Hyde-Smith succeeds Cochran on US Senate ag committee

Sen. Cindy Hyde-Smith, R-Mississippi, is the newest member of the U.S. Senate Committee on Agriculture, Nutrition and Forestry.

Sen. Cindy Hyde-Smith | Photo courtesy of the Senate Committee on Agriculture, Nutrition and Forestry
Sen. Cindy Hyde-Smith | Photo courtesy of the Senate Committee on Agriculture, Nutrition and Forestry

Sen. Cindy Hyde-Smith, R-Mississippi, is the newest member of the U.S. Senate Committee on Agriculture, Nutrition and Forestry.

She fills the void left in both the Senate and its agriculture committee after longtime Sen. Thad Cochran, also a Republican from Mississippi, resigned on April 1 because of health problems.

Cochran had been a member of the agriculture committee since 1978, and he served the committee at different times as both the chairman and ranking member.

Hyde-Smith was appointed by Mississippi Gov. Phil Bryant to fill Cochran’s seat, and she was sworn into office on April 9.

Prior to her appointment to the U.S. Senate, Hyde-Smith was the Mississippi commissioner of agriculture and commerce. She was elected to that position in 2011 and re-elected in 2015. Before her stint as agriculture commissioner, Hyde-Smith served as a member of the Mississippi State Senate for 12 years. Eight of those years were spent as the chairperson of the state’s senate agriculture committee.

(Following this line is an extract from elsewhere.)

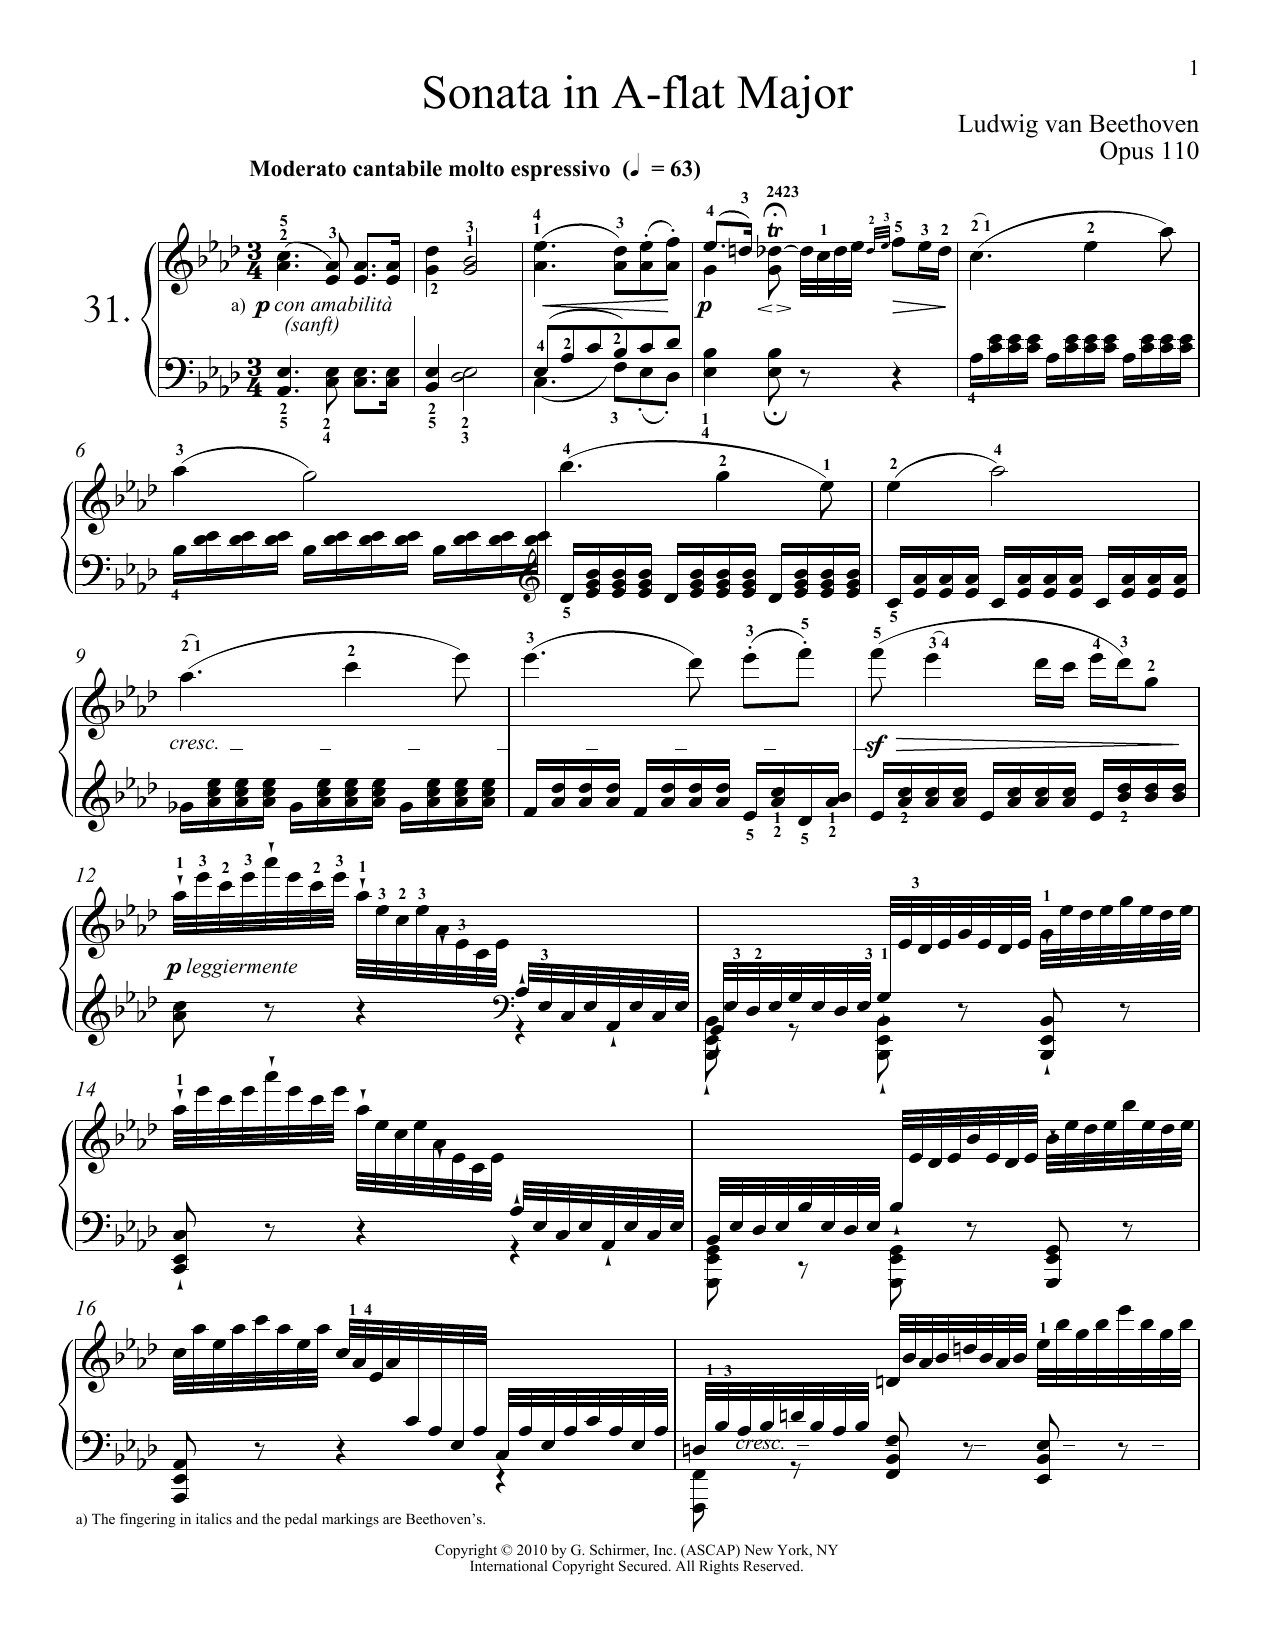 Ludwig van Beethoven Piano Sonata No. 31 In A-flat Major, Op. 110 Sheet Music Notes & Chords for Piano - Download or Print PDF

“I’m delighted we have another farmer on the Senate agriculture committee,” said Sen. Pat Roberts, R-Kansas, who chairs the committee. “I look forward to working with Sen. Hyde-Smith as we continue to write the farm bill. Her firsthand agriculture knowledge and boots-on-the ground experience are a welcome addition to the committee.

Hyde-Smith and her husband, Mike, raise beef cattle. They are also partners in a local stockyard auction in Brookhaven.

Hyde-Smith will serve on the Subcommittee on Commodities, Risk Management, and Trade; the Subcommittee on Rural Development and Energy; and the Subcommittee on Conservation, Forestry, and Natural Resources. 

Special election coming

A special election to fill Cochran’s vacated Senate seat on a more permanent basis will be held on November 6. She will be one of five candidates seeking election. Also running is former U.S. Secretary of Agriculture Mike Espy. Espy serve in that capacity during the first two years of the Bill Clinton presidency. Prior to that, he was a member of the U.S. House of Representatives from 1987 to 1993.